▶ _What the task asks_
For this exercise, the lines from the one with "Foto 2 - Tablet" through the final line of the data below are to be transcribed exactly, and pictures are to be skipped.

▶ _Dataset section_
====================
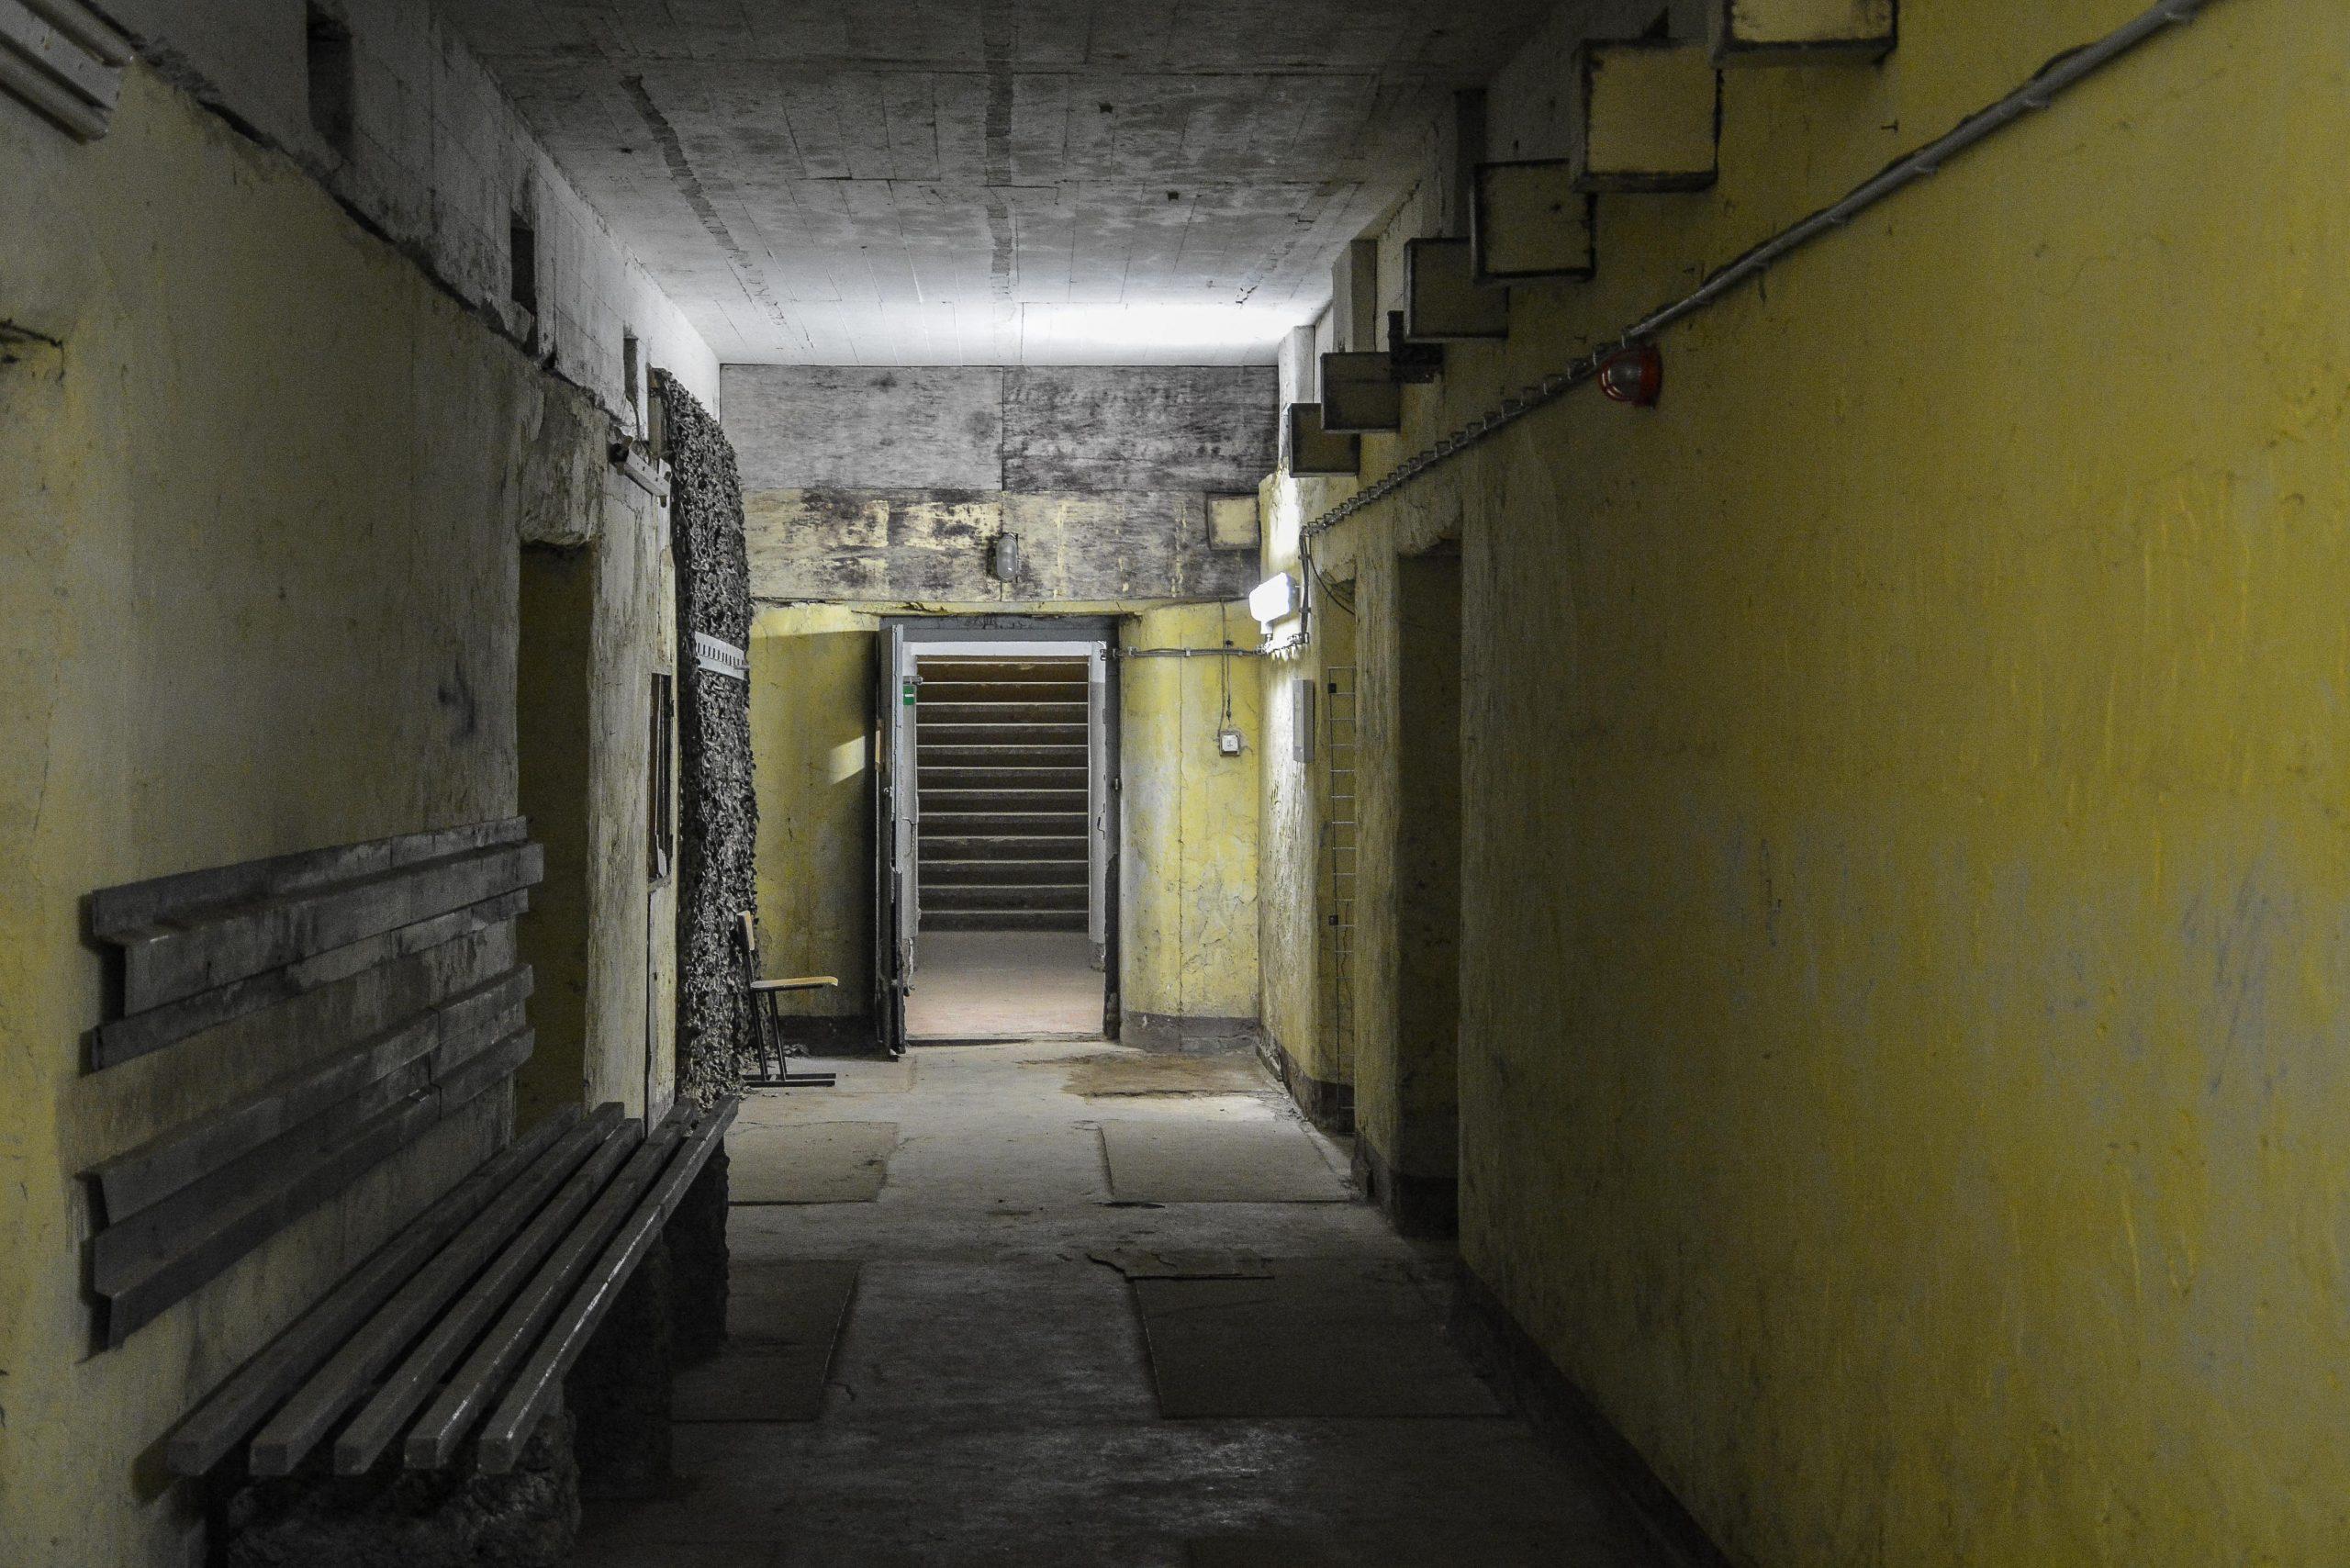 green bunker hallway bunker zeppelin amt 500 maybach bunker ranet wehrmacht sowjet soviet military zossen brandenburg germany lost palces urbex abandoned
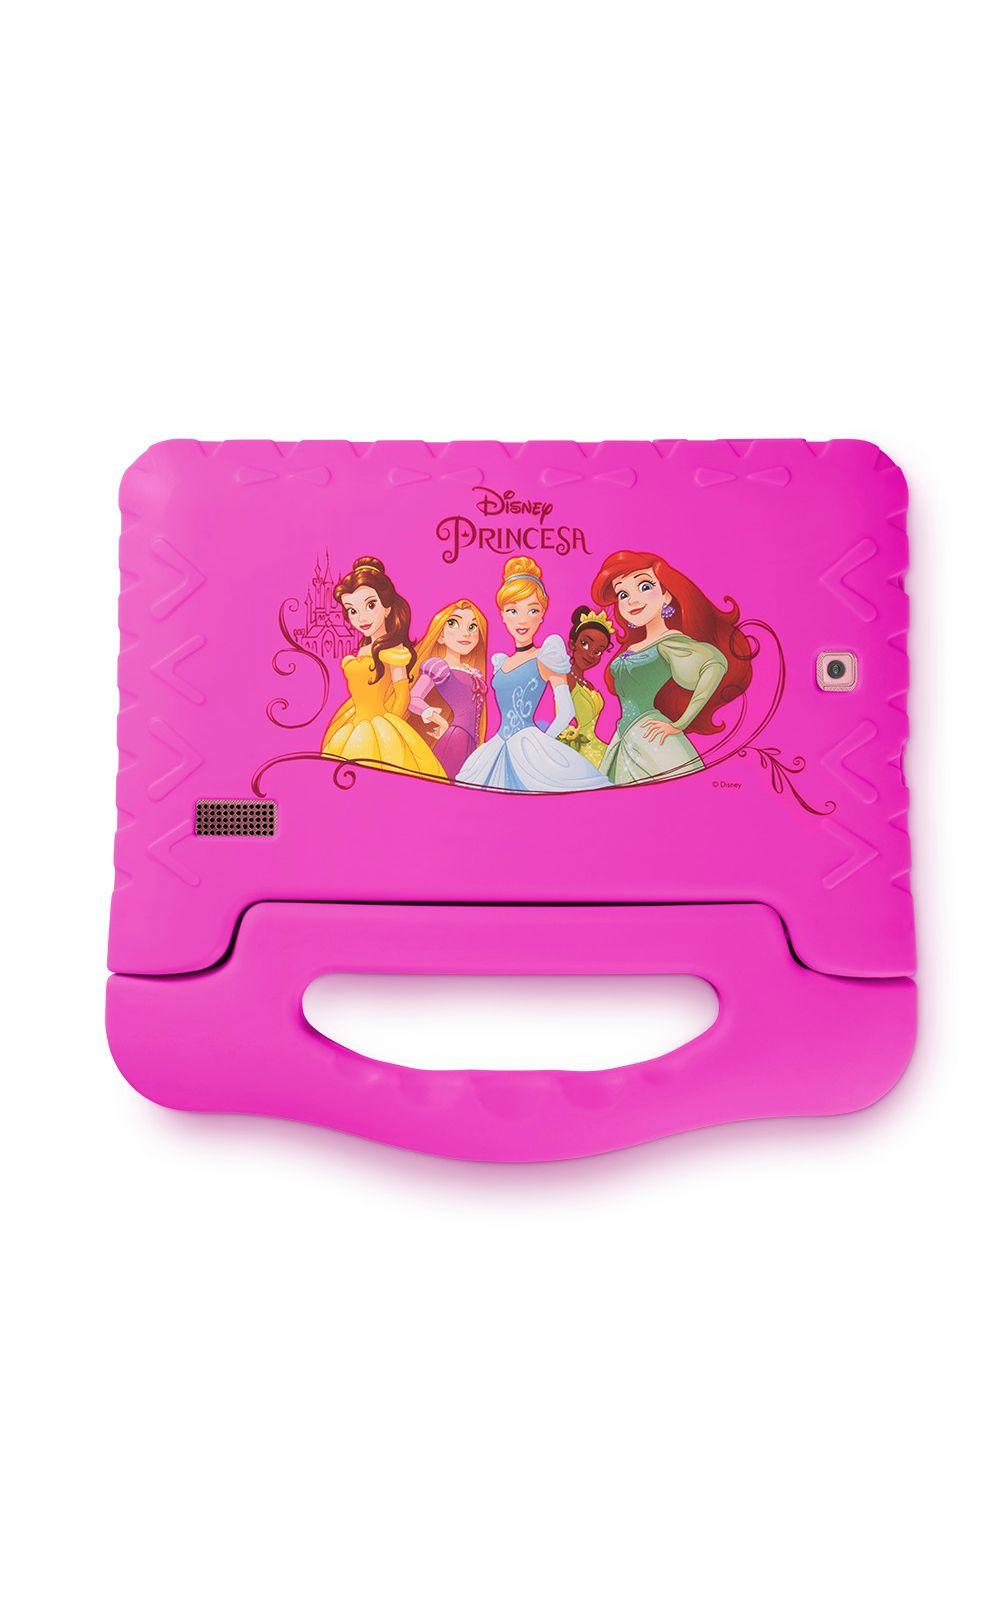 Foto 2 - Tablet Multilaser Disney Princesas Plus 16GB Tela 7 Pol. Quad Core Dual Câmera Rosa- NB308
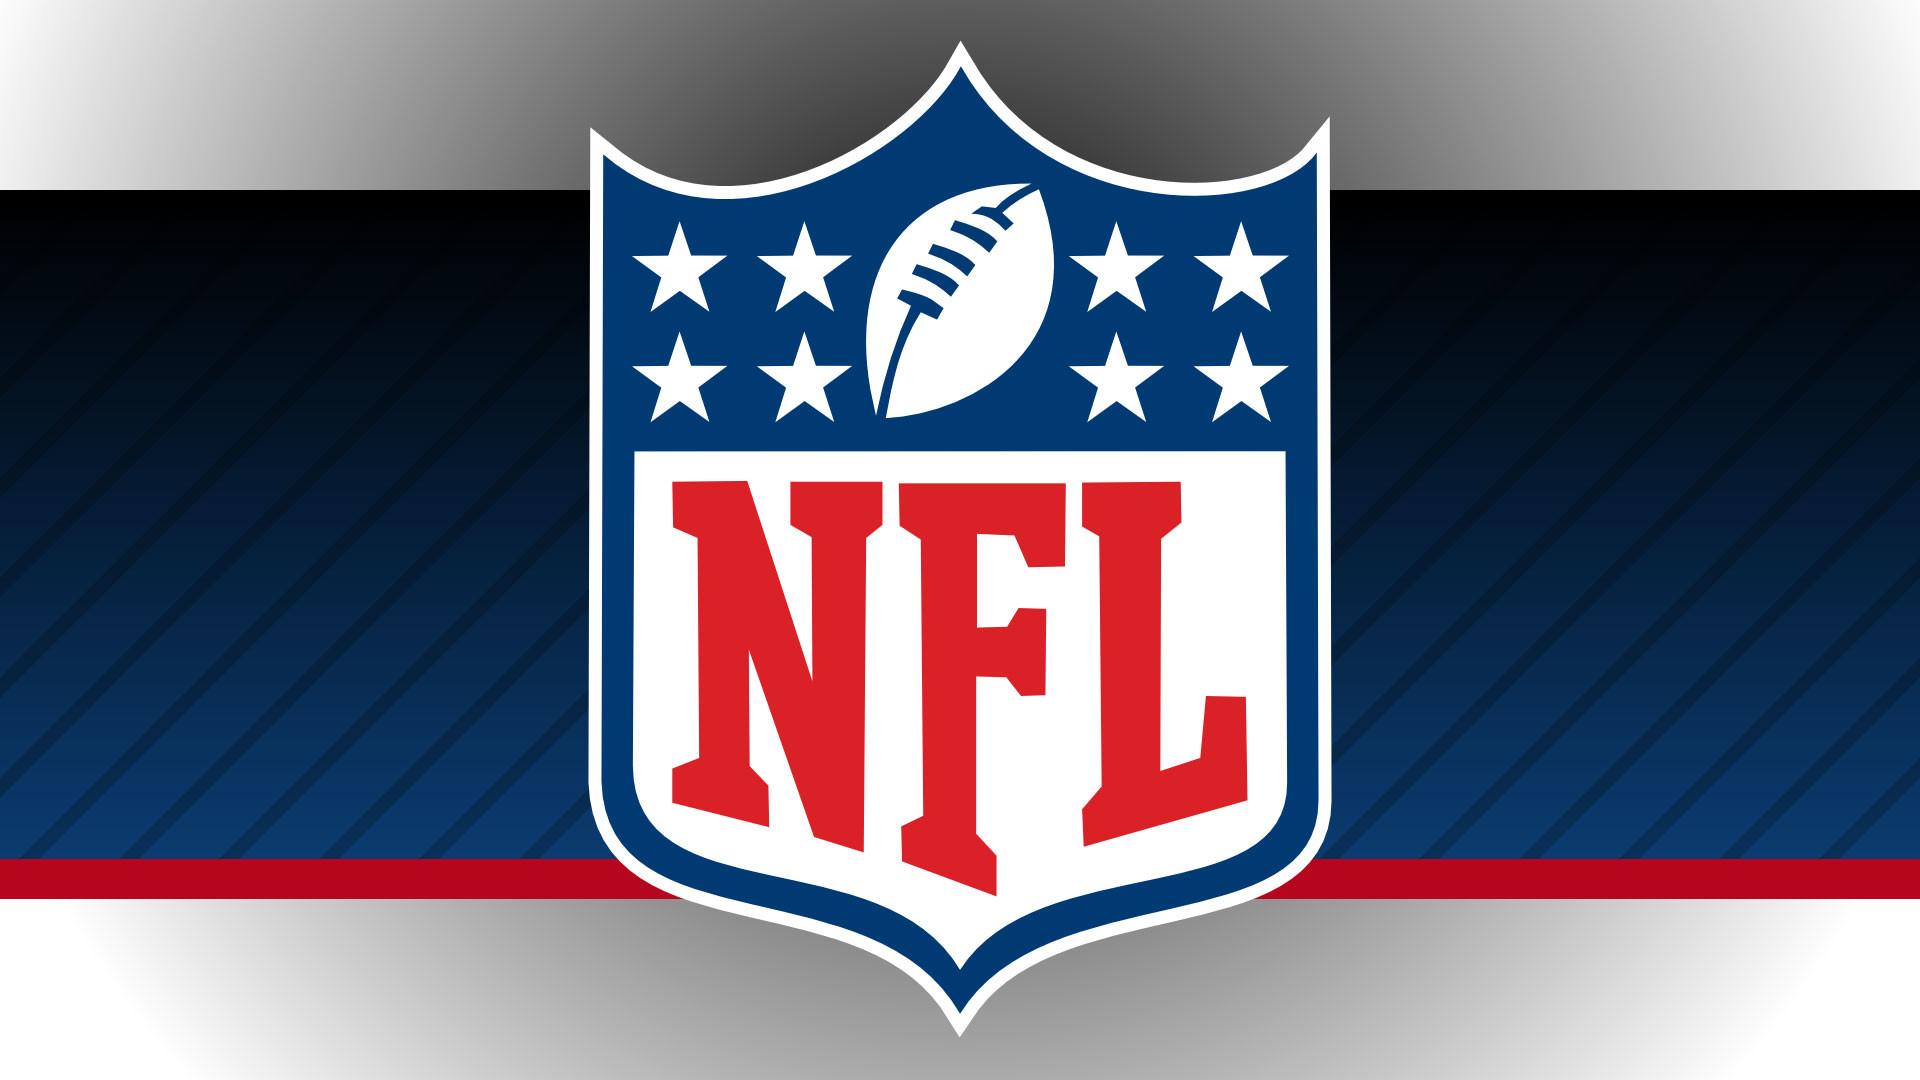 Nfl Professional American Football
====================
▶ _Reply_
 Foto 2 - Tablet Multilaser Disney Princesas Plus 16GB Tela 7 Pol. Quad Core Dual Câmera Rosa- NB308
 Nfl Professional American Football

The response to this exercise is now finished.